Monday, November 14, 2005
DNA Polymerase for Genetic Change
- Escherichia coli DNA Polymerase IV Mutator Activity: Genetic Requirements and Mutational Specificity by Wagner and Nohmi.
- General Stress Response Regulator RpoS in Adaptive Mutation and Amplification in Escherichia coli by Lombardo, Aponyi, and Rosenberg.
These are both fascinating articles. What they are showing is that, in stress situations, E. Coli is actively modifying its genome on a specific plasmid. This means that the cell can (a) sense trouble, and (b) activate specific change mechanisms to accomplish changes. It has a high degree of specificity as to both the activation of the mutations as well as where the mutations occur. This is natural genetic engineering at work.
As per the creation model, the cell is not a passive bystander of happenstance changes and "hoping for the best", but is in control of the changes that occur.
Basically, what these articles are saying is that a specific stress response factor, called RpoS, is produced when E. Coli cells are in trouble. This causes the cell to switch from using its standard DNA Polymerase (the enzyme which copies the DNA) to using a new type called DNA Polymerase IV (or DNA PolIV for short) when copying a specific plasmid. This polymerase is used to induce mutations within the strand -- both point mutations and frame-shifts.
Note that while this may seem like random mutation it is in fact not -- it includes random factors, but is not entirely random. It seems to be a non-deterministic computation (i.e. - randomized within specified limits). This information shows that the cell acts as a "database administrator" over its genome, and can induce changes when needed, in the specific place that they are needed.
Note that the authors of the articles are very likely not creationists, though their data is very interesting and beneficial to creationists and others who use a telic approach to biology.

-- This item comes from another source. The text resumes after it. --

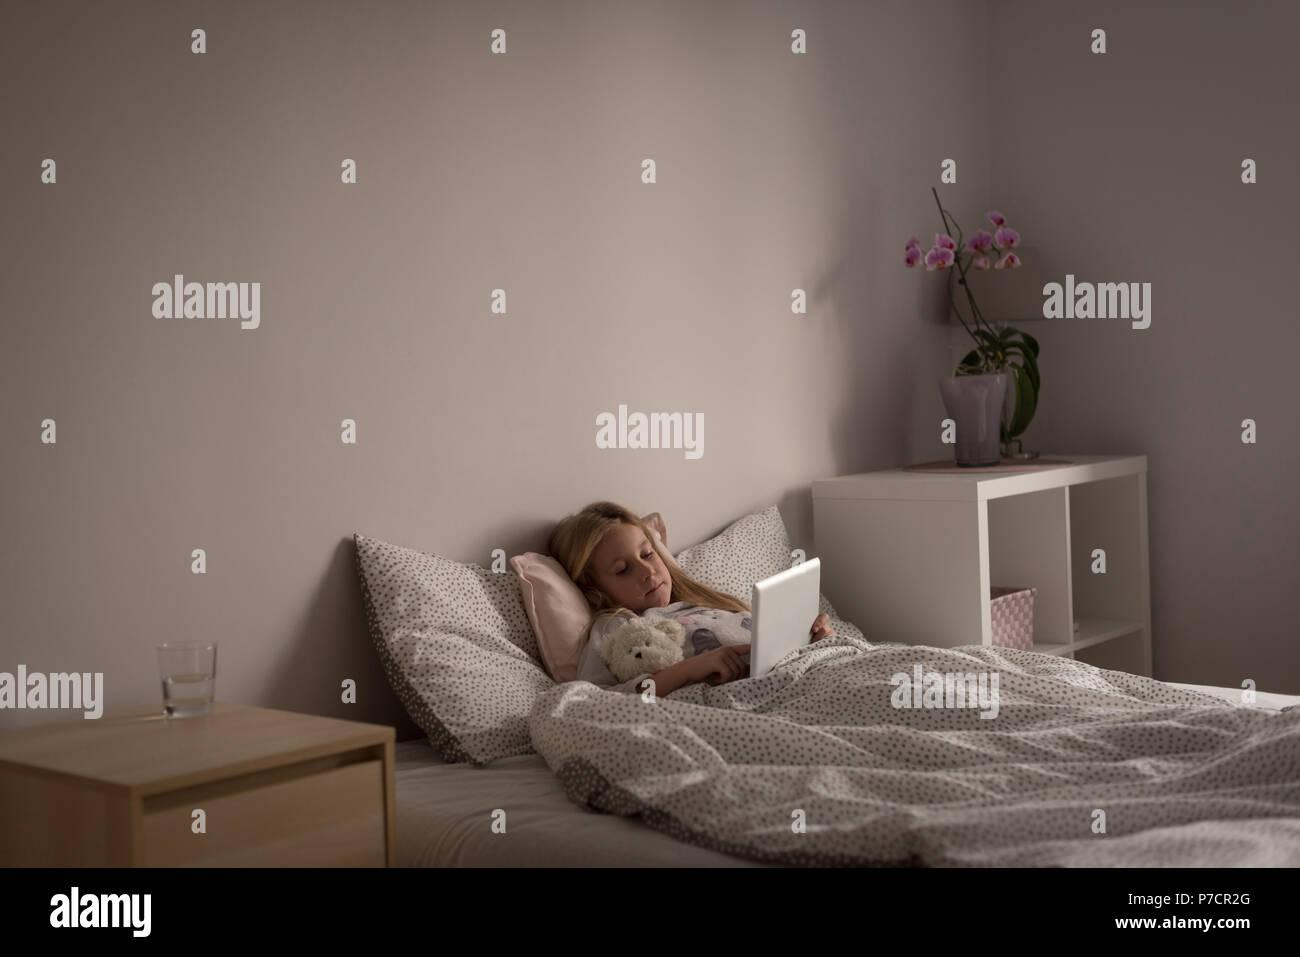 Girl using digital tablet in bedroom - Stock Image
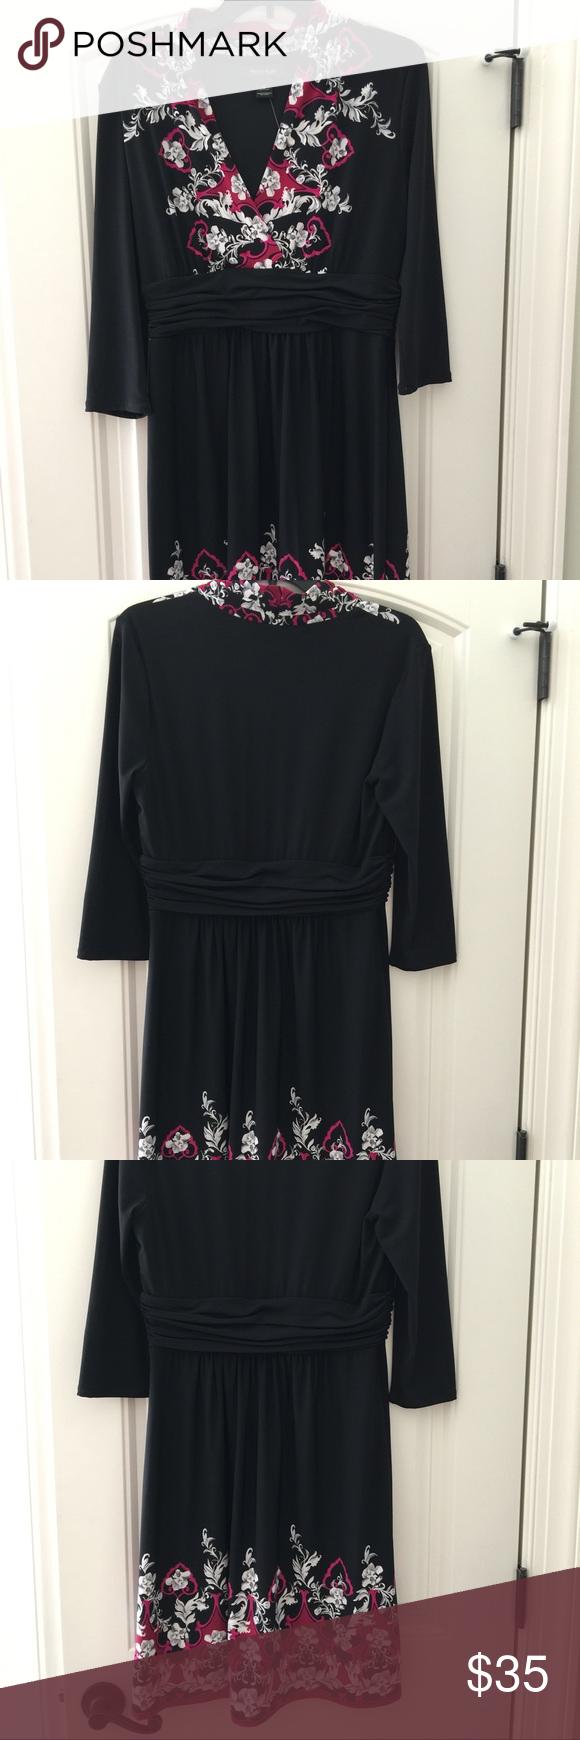 White house black market dress size

UPDATE: Upon closer reading of the second article, it seems that the authors do not feel that the mutation is directed, just a rate increase. The only reason for suspecting this listed in the article itself is that there were mutations on other genes. However, I don't see how that means that the mutation rate was globally changed. I think perhaps they are excluding the possibility of adaptive mutagenesis too early, based on data that is not necessarily in conflict with the idea. Rosenberg herself seems to be trying to push the hypermutation model past the adaptive mutation model, but I don't think the data supports that conclusion (see also here). It seems that their requirement for being "adaptive mutations" is that the mutation must be in exactly one gene. This is an absurd requirement. There is no reason that adaptive mutagenesis cannot be applied to a _set_ of genes. In fact, the F plasmid would be perfect for this to occur, as the plasmid does not even need to exist for the cell to function under normal circumstances.